Connecting to Airflow
This topic provides an overview of setting up Airflow. For more information and step-by-step instructions for using Airflow see the Continuously loading data tutorial.
- Install the latest Firebolt JDBC Driver
- Set up the JDBC connection in Airflow
- Create a DAG
- Run the DAG
Install the latest Firebolt JDBC Driver
Download Firebolt’s JDBC driver from here.
Put the JDBC jar file in the server which runs Airflow (we have placed it under /airflow/jdbc
).
Set up the JDBC connection in Airflow
Make sure you have:
- The name of the database you would like to connect to in Firebolt.
- The username and password used to log into Firebolt.
- Airflow version 1.10.12 or later.
To configure the connection:
-
Open Airflow. In the Admin tab, choose Connections.
-
Choose + to create a new connection to Firebolt.
-
Configure parameters according to the following guidelines, and then choose Save.
Parameter | Description | Value |
---|---|---|
Conn Id | The connection identifier | For example:firebolt_jdbc |
Conn Type | The connection type | JDBC Connection |
Connection URL | The connection String URL | jdbc:firebolt://api.app.firebolt.io/<db_name> Make sure to replace <db_name> with the name of your database in Firebolt. This enables you to query the database using its default engine. If you wish to use another engine, use the following URL:jdbc:firebolt://api.app.firebolt.io/<db_name>?engine=engineName Replace engineName with the name of the engine you would like to use. |
Login | Your Firebolt username | |
Password | Your Firebolt password | |
Driver Path | The full path in your Airflow server where you saved the Firebolt JDBC driver | For example: /airflow/jdbc/firebolt-jdbc-1.03-jar-with-dependencies.jar |
Driver Class | The class of the JDBC driver | com.firebolt.FireboltDriver |
Create a DAG
We will create a DAG that runs a script on top of a Firebolt table.

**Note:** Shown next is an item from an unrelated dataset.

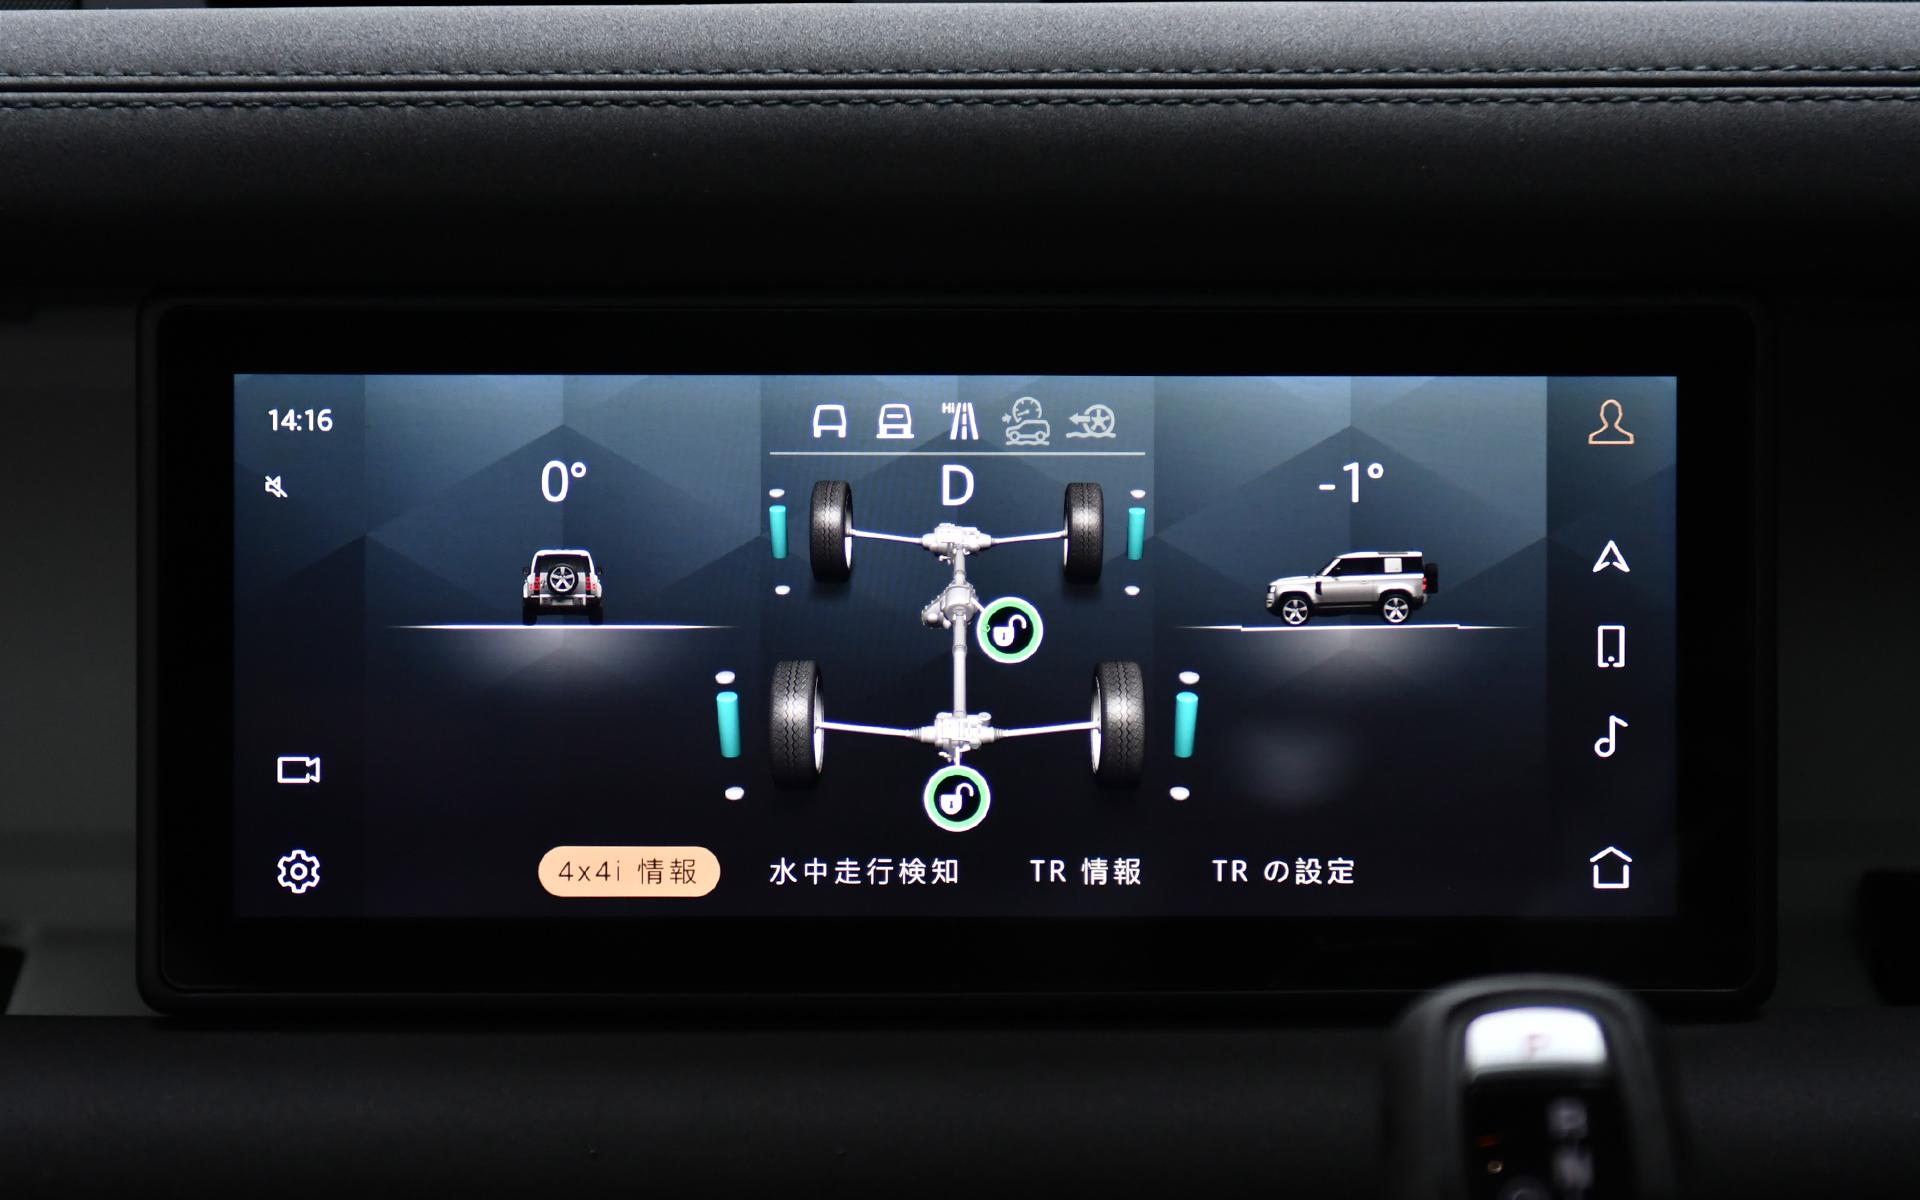 """10インチタッチスクリーンではデフのロック状態を確認できるほか、ボンネットを""""シースルー""""したように映像で確認できる「ClearSightグラウンドビュー」、360度周囲の安全確認をサポートする「3Dサラウンドカメラ」、水深をリアルタイムにグラフィカル表示する「ウェイドセンシング」といったシステムで安心・安全な走行をサポート"""

Below is the Python DAG program:
from airflow import DAG
from airflow.operators.jdbc_operator import JdbcOperator
default_arg = {'owner': 'airflow', 'start_date': '2020-10-20'}
dag = DAG('firebolt_dag',
default_args=default_arg,
schedule_interval=None)
firebolt_task = JdbcOperator(dag=dag,jdbc_conn_id='firebolt_db',task_id='firebolt_sql_task',sql=['query_sample.sql'])
firebolt_task
You can save it as a Python file and place it under your dags folder to run it in Airflow. We use Airflow’s JDBC operator to connect to Firebolt via JDBC and run a SQL script. The SQL script file contains a simple SELECT query. Feel free to use any query you want.
Run the DAG
-
In Airflow’s UI, go to the DAGs tab. Locate your DAG in the list (in our case we should look for
'firebolt_dag'
:
-
Choose the trigger button under Links to manually trigger the DAG. Once the DAG has started to run, click on its Run Id to move to the graph view to track its progress. In our DAG we have a single step called
'firebolt_sql_task'
.
-
In the DAG’s graph view, the task should appear in green to confirm the DAG completed successfully. Choose the
'firebolt_sql_task'
.
-
Choose View Logs to inspect the logs.